DNA: Uncovering Universal Latent Forgery Knowledge

TL;DR

The paper introduces discriminative neural anchors (DNA), a coarse-to-fine probing framework that awakens latent forgery-detection knowledge stored in pre-trained backbone neurons. By localizing critical intermediate layers and extracting a sparse set of forgery-discriminative units (FDUs) via a triadic fusion score and curvature-based pruning, DNA achieves strong few-shot generalization and robustness across architectures and unseen generative models. The authors validate their approach on a new high-fidelity benchmark, HIFI-Gen, and demonstrate superior performance and efficiency compared to state-of-the-art methods, including notable improvements on challenging models like Midjourney. This work suggests that intrinsic representations learned during large-scale pre-training can serve as a universal, data-efficient defense against hyper-realistic AI-generated content, without extensive fine-tuning.

Abstract

As generative AI achieves hyper-realism, superficial artifact detection has become obsolete. While prevailing methods rely on resource-intensive fine-tuning of black-box backbones, we propose that forgery detection capability is already encoded within pre-trained models rather than requiring end-to-end retraining. To elicit this intrinsic capability, we propose the discriminative neural anchors (DNA) framework, which employs a coarse-to-fine excavation mechanism. First, by analyzing feature decoupling and attention distribution shifts, we pinpoint critical intermediate layers where the focus of the model logically transitions from global semantics to local anomalies. Subsequently, we introduce a triadic fusion scoring metric paired with a curvature-truncation strategy to strip away semantic redundancy, precisely isolating the forgery-discriminative units (FDUs) inherently imprinted with sensitivity to forgery traces. Moreover, we introduce HIFI-Gen, a high-fidelity synthetic benchmark built upon the very latest models, to address the lag in existing datasets. Experiments demonstrate that by solely relying on these anchors, DNA achieves superior detection performance even under few-shot conditions. Furthermore, it exhibits remarkable robustness across diverse architectures and against unseen generative models, validating that waking up latent neurons is more effective than extensive fine-tuning.
Paper Structure (26 sections, 18 equations, 16 figures, 3 tables)

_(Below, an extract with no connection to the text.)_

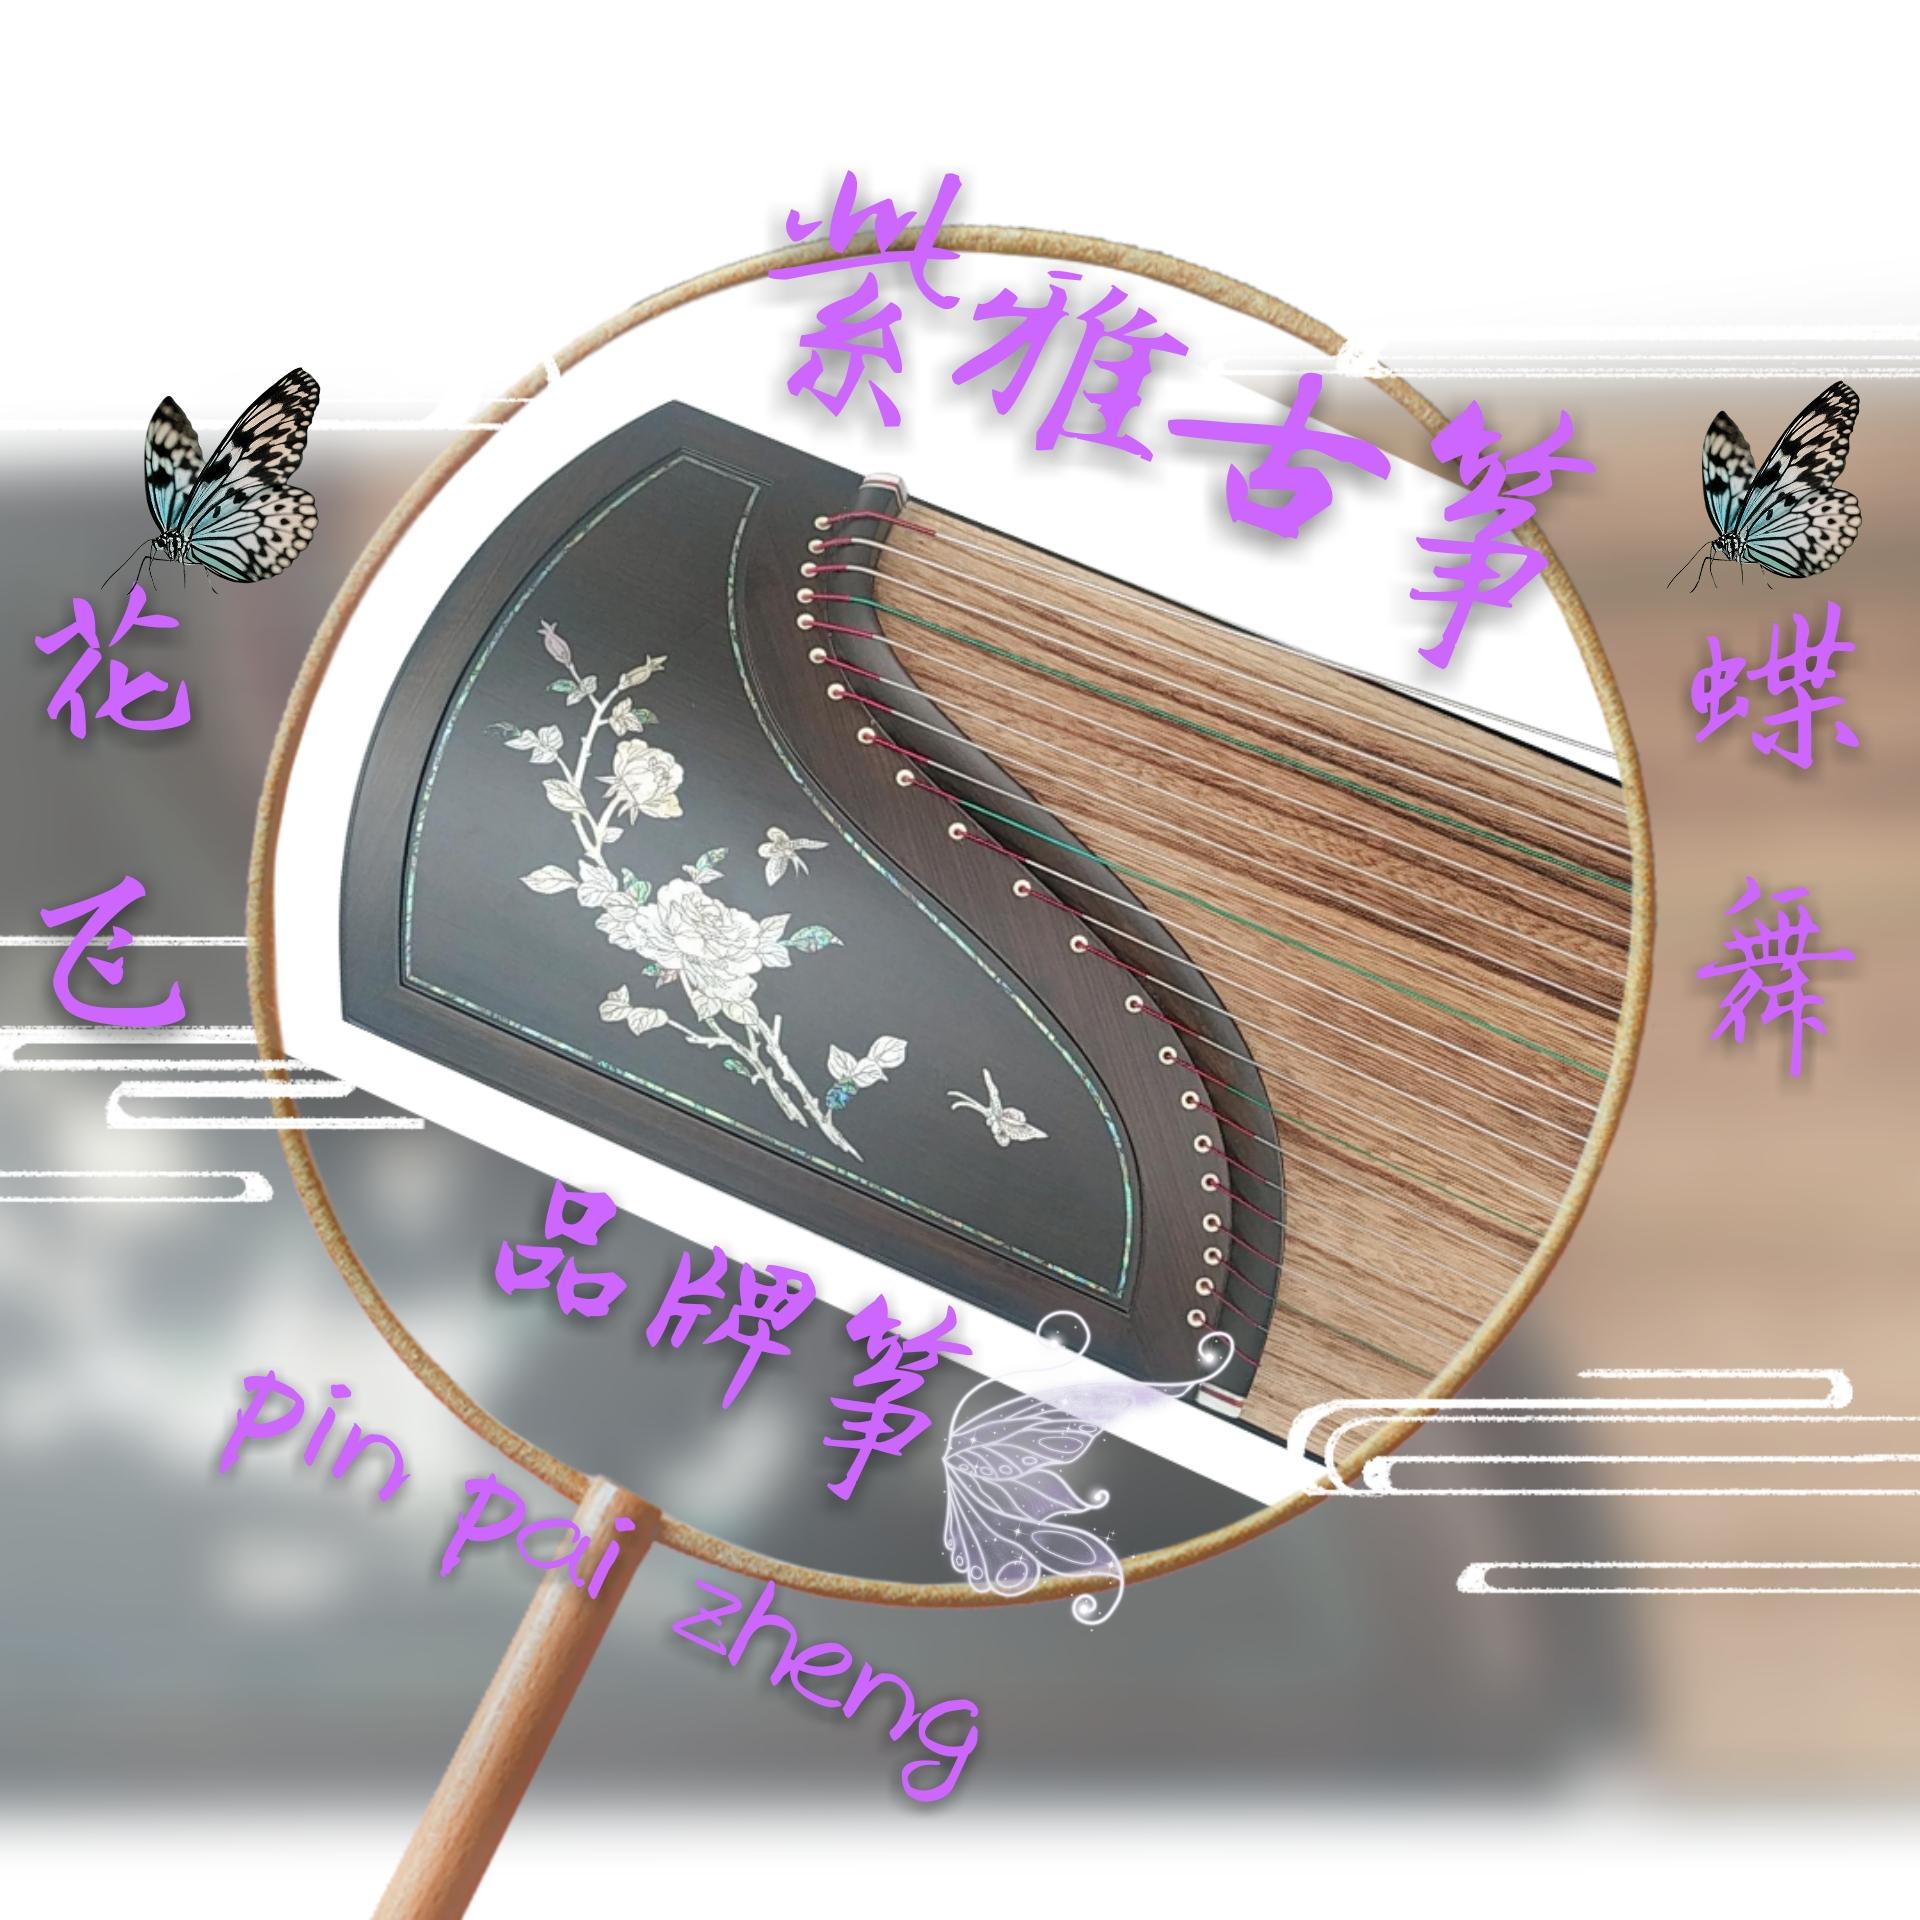 紫雅古筝花飞蝶舞新品工艺专业演奏考级初学者琴筝乐器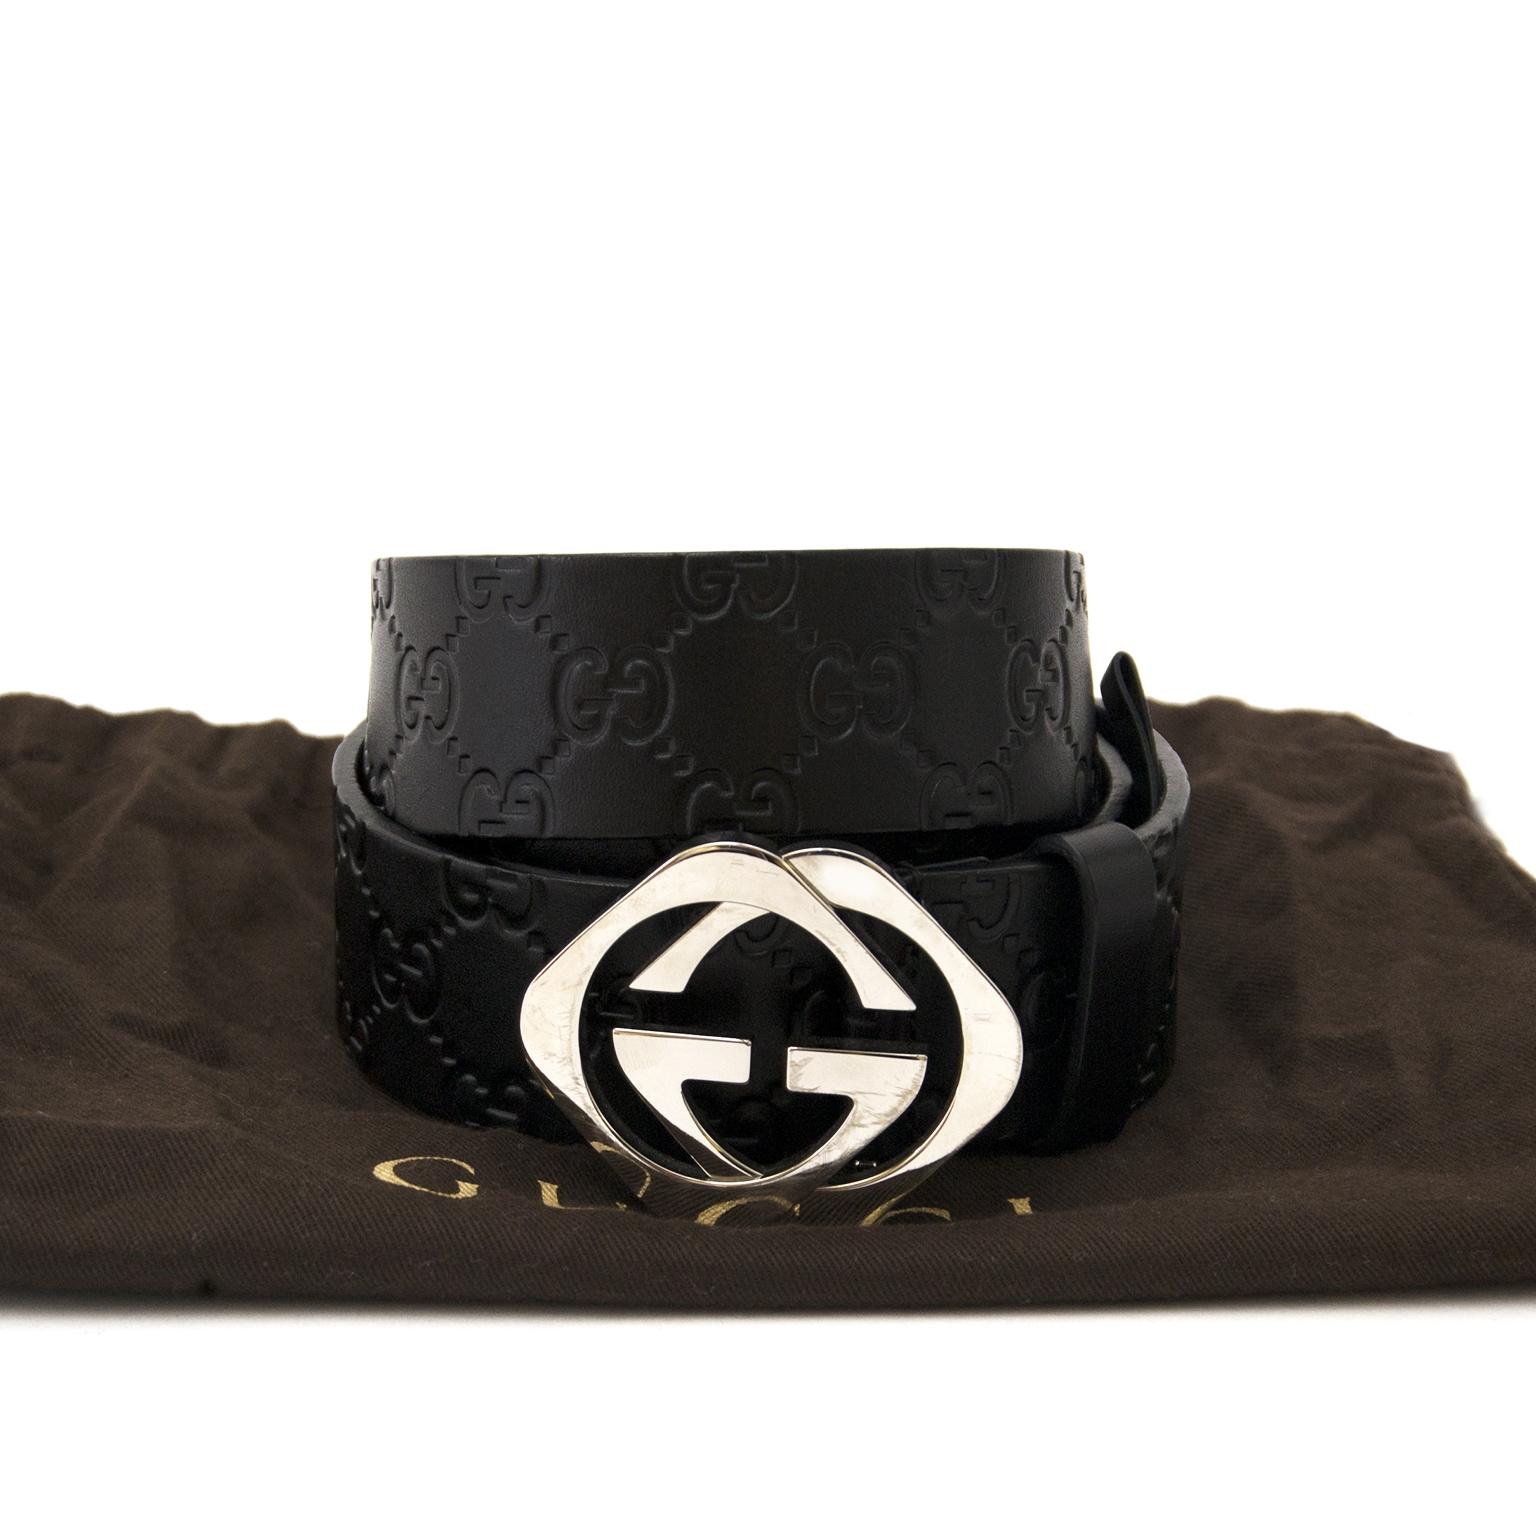 63ff9e86d7d ... sale online at Labellov Acheter secur en ligne votre ceinture en cuir Gucci  monogram pour le meilleur prix

This paper contains 26 sections, 18 equations, 16 figures, 3 tables.

Figures (16)

  • Figure 1: Comparison of detection paradigms in the era of hyper-realistic generation. Unlike conventional methods that fail as surface artifacts disappear, our DNA framework exploits neuronal hierarchies to robustly detect hyper-realistic scenarios.
  • Figure 2: Visualization of HIFI-Gen structure. HIFI-Gen comprises images generated by five distinct generative models, each yielding 3,000 images across 1,000 categories.
  • Figure 3: Overall of the DNA framework. The pipeline operates in a coarse-to-fine manner. Stage 1: layer localization. We pinpoint critical intermediate layers by analyzing feature-space decoupling and attention-distribution shifts, validated by linear probing. Stage 2: FDUs detection. We identify sparse forgery-discriminative units (FDUs) from the frozen backbone using a triadic fusion score ($S_{i,k}$).
  • Figure 4: Visualization of distance metrics across layers. The cosine distance ($D_{cos}$) between the centroids of real and fake classes at each layer. The euclidean distance ($D_{L2}$) of the global attention distributions between real and fake images.
  • Figure 5: Visualization of FDUs attention. The activation maps of FDUs on both original and augmented images.